(Source material)

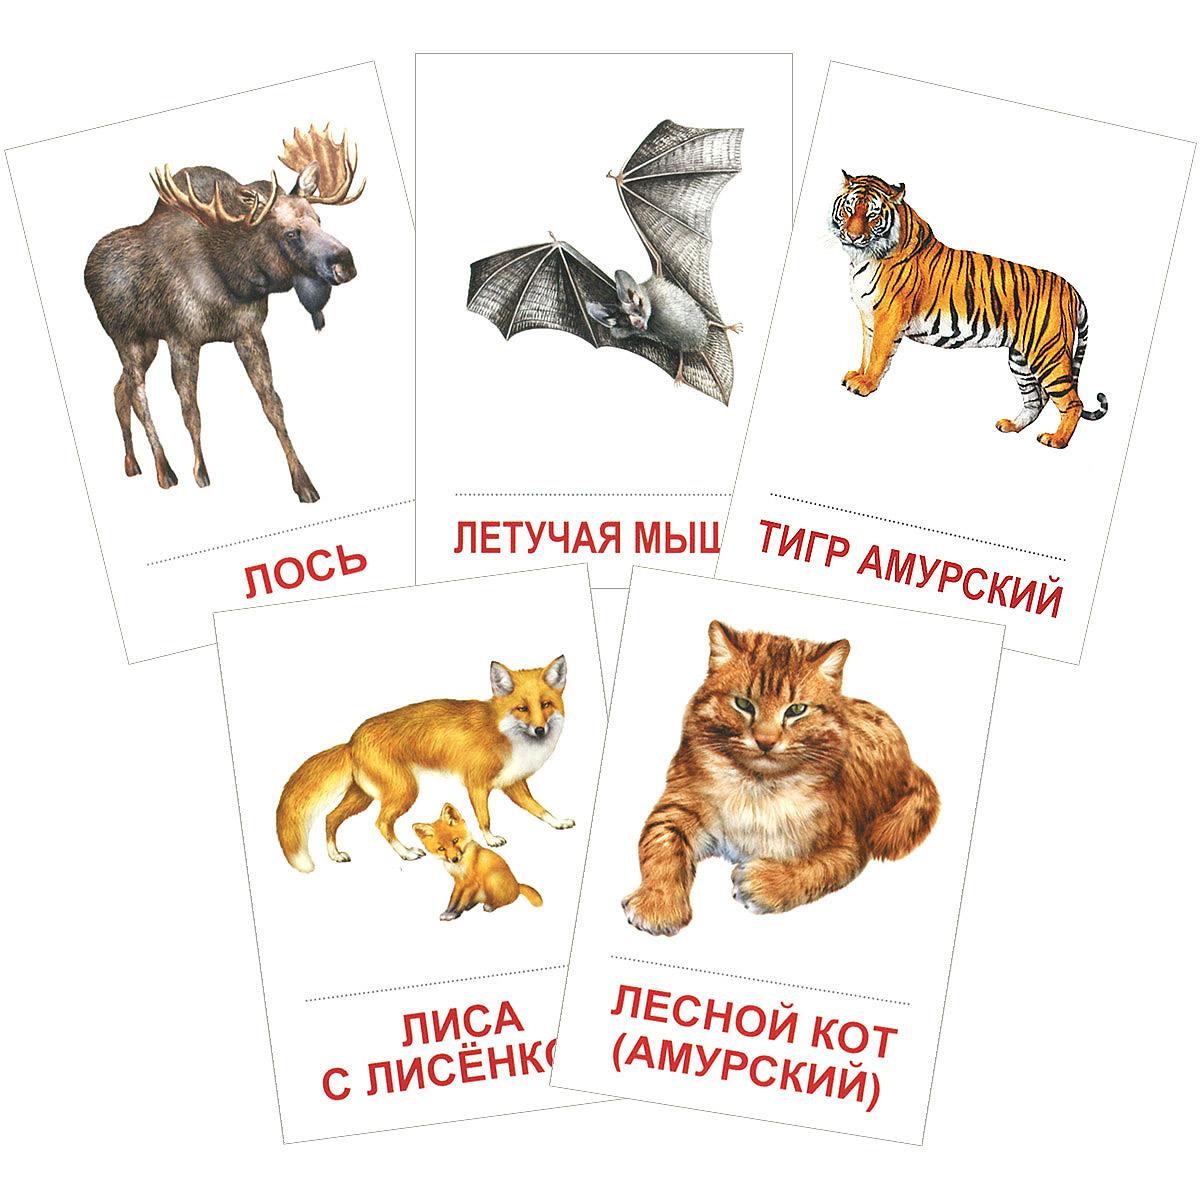 Дикие животные (набор из 16 карточек) одежда набор из 16 карточек
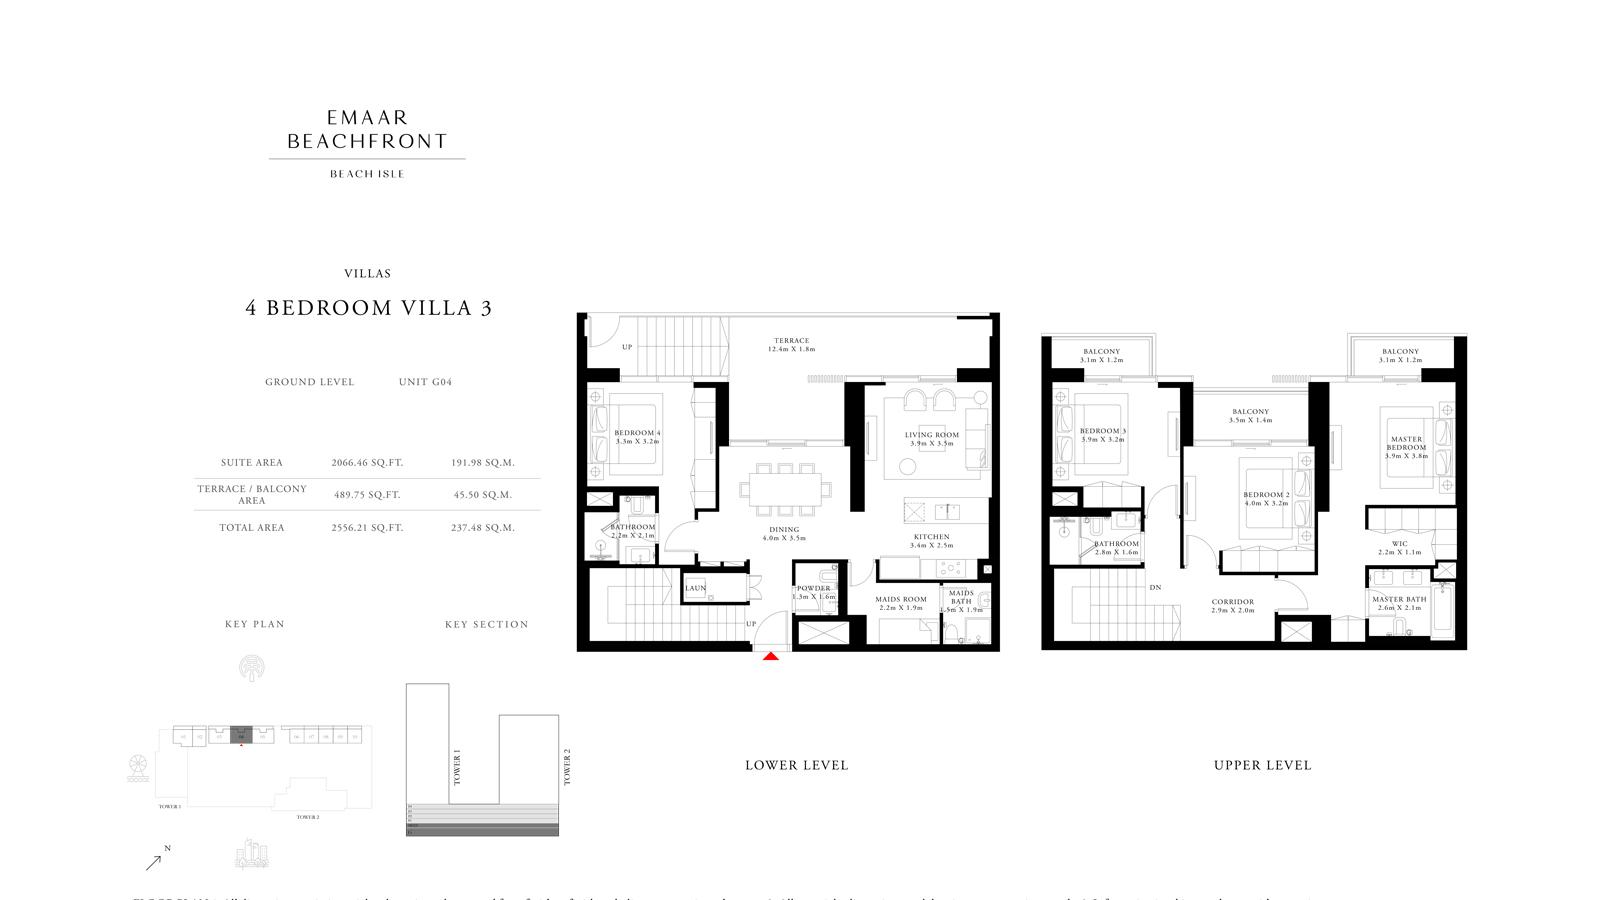 4 Bedroom Villas 3 Size 2556 sq ft
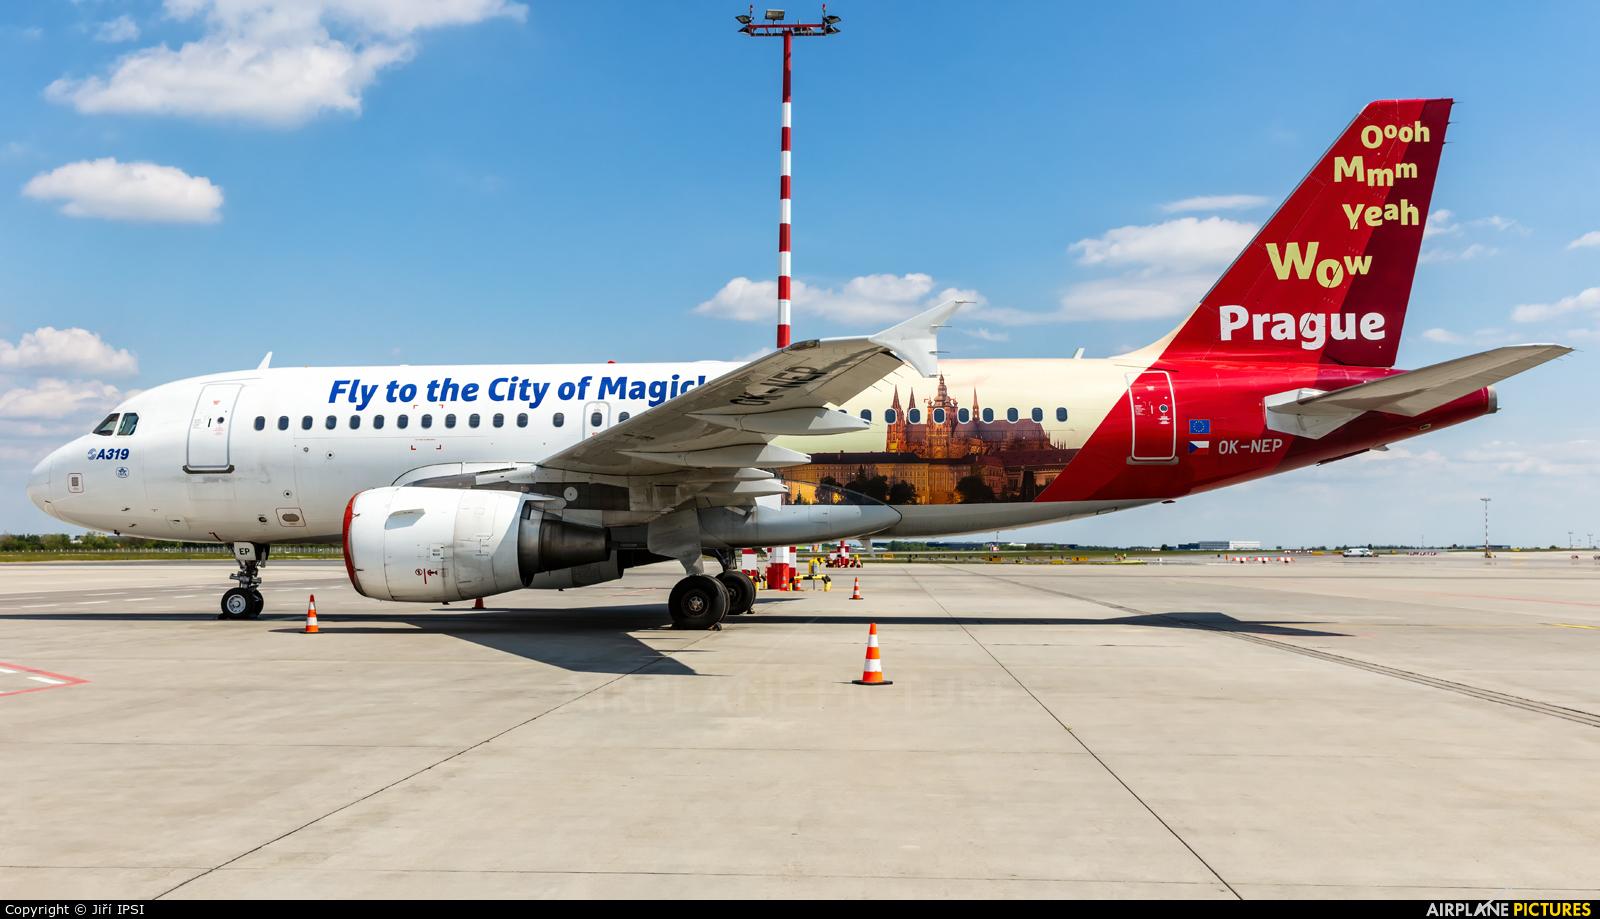 CSA - Czech Airlines OK-NEP aircraft at Prague - Václav Havel

(End Source material)

What the task asks
Return, exactly as they stand, all of the lines above, but not the pictures.

Solved problem
 Дикие животные (набор из 16 карточек) одежда набор из 16 карточек
 4 Bedroom Villas 3 Size 2556 sq ft
 CSA - Czech Airlines OK-NEP aircraft at Prague - Václav Havel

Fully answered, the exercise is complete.